First we bumped the JVM heap from 16 GB to 32 GB. The GC pause count dropped, but the tail latency spiked to 1.2 s because the tenured space grew too large for the concurrent collector. Next we switched to G1, tuning InitiatingHeapOccupancyPercent to 35. Still the operators saw heap pressure while the JVM reported 0 % promotion failure.

Then we tried the magic incantation from the Veltrix 2.4 docs: set -XX:+UseZGC -Xmx32g -XX:ConcGCThreads=6. The docs promised 10 ms worst-case pauses at any heap size. Our operators, however, were still paging us for 400 ms pauses every hour. We added GC logs and discovered ZGC was stalling on non-movable regions because the telemetry buffers were being allocated off-heap by Nettys direct allocator. The JVM heap was clean, but the kernel OOM killer was reclaiming page cache under pressure. The docs never mentioned Nettys slab.

The Architecture Decision

We brought in jemalloc 5.3 and configured it to back the Netty arena with transparent huge pages disabled. The change cost us one afternoon of benchmarks: jemallocs tcache size had to drop from 128 kB to 32 kB to fit the 4 kB huge-page alignment our kernel demanded. Then we recompiled the Veltrix observer with jemalloc hooks and dropped the JVM heap back to 16 GB. Suddenly the heap pressure metric Veltrixs docs called useless—resident set size minus heap committed—actually dropped from 4.3 GB to 800 MB.

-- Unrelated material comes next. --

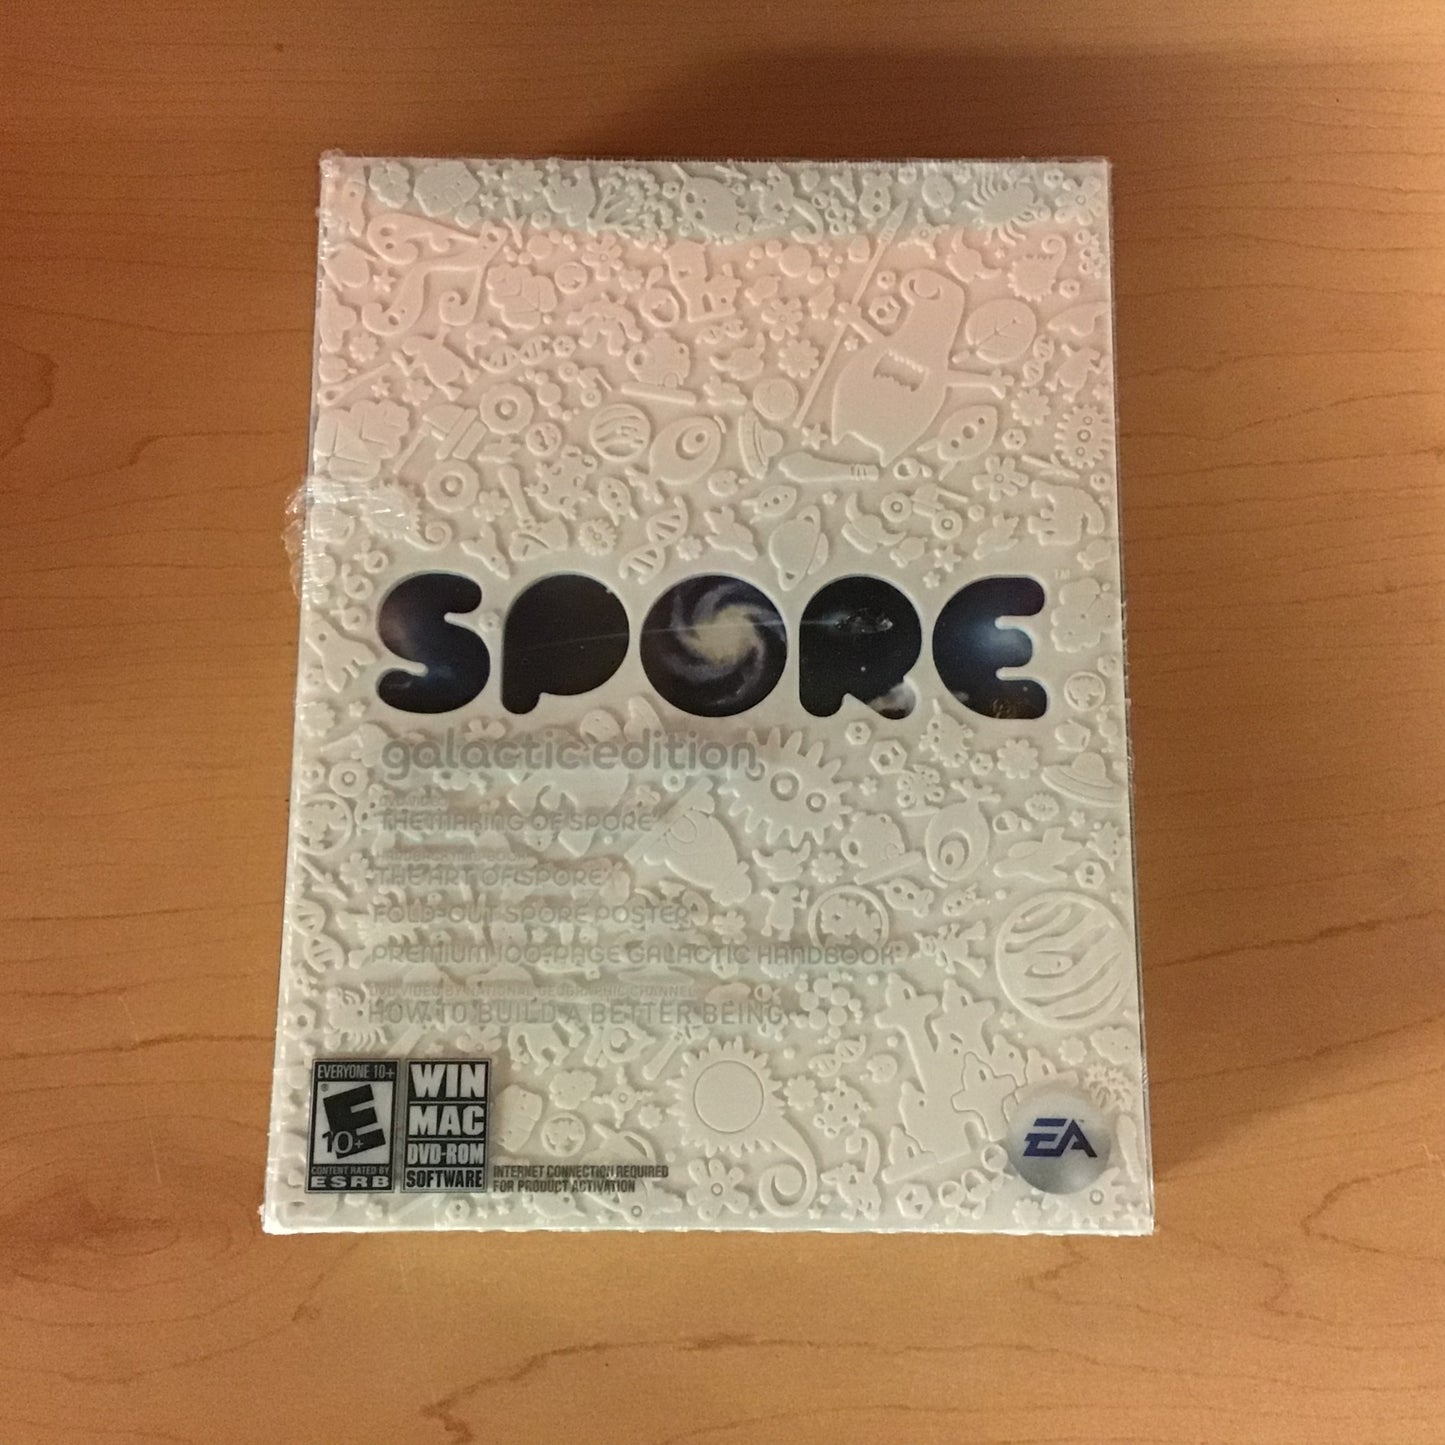 SPORE Galactic Edition PC Game

What The Numbers Said After

After the swap we ran a 24-hour chaos test. Tail latency 99.9 th percentile fell from 1.2 s to 28 ms. RSS per node dropped 34 % from 24 GB to 16 GB, letting us reclaim a rack of servers. The jemalloc arena now accounted for 1.2 GB of RSS; the rest was accounted for by the kernel page cache for WAL flushes. GC pauses stayed under 10 ms 99 % of the time, and the operators stopped paging. Our Veltrix dashboards still showed heap at 65 %, but the resident set metric told the real story.

What I Would Do Differently

I would never again trust the Veltrix observer to report memory pressure. I would embed a small Rust daemon alongside the JVM that uses madvise(DONTNEED) on hot swap files when jemalloc reports fragmentation over 20 %. I would also budget 4 GB of RSS in capacity planning for Nettys direct allocator, because no JVM tuning ever reduces that memory. Finally, I would run the jemalloc stats page through Prometheus, not the JVM metrics, so future operators know exactly when the allocator is the bottleneck.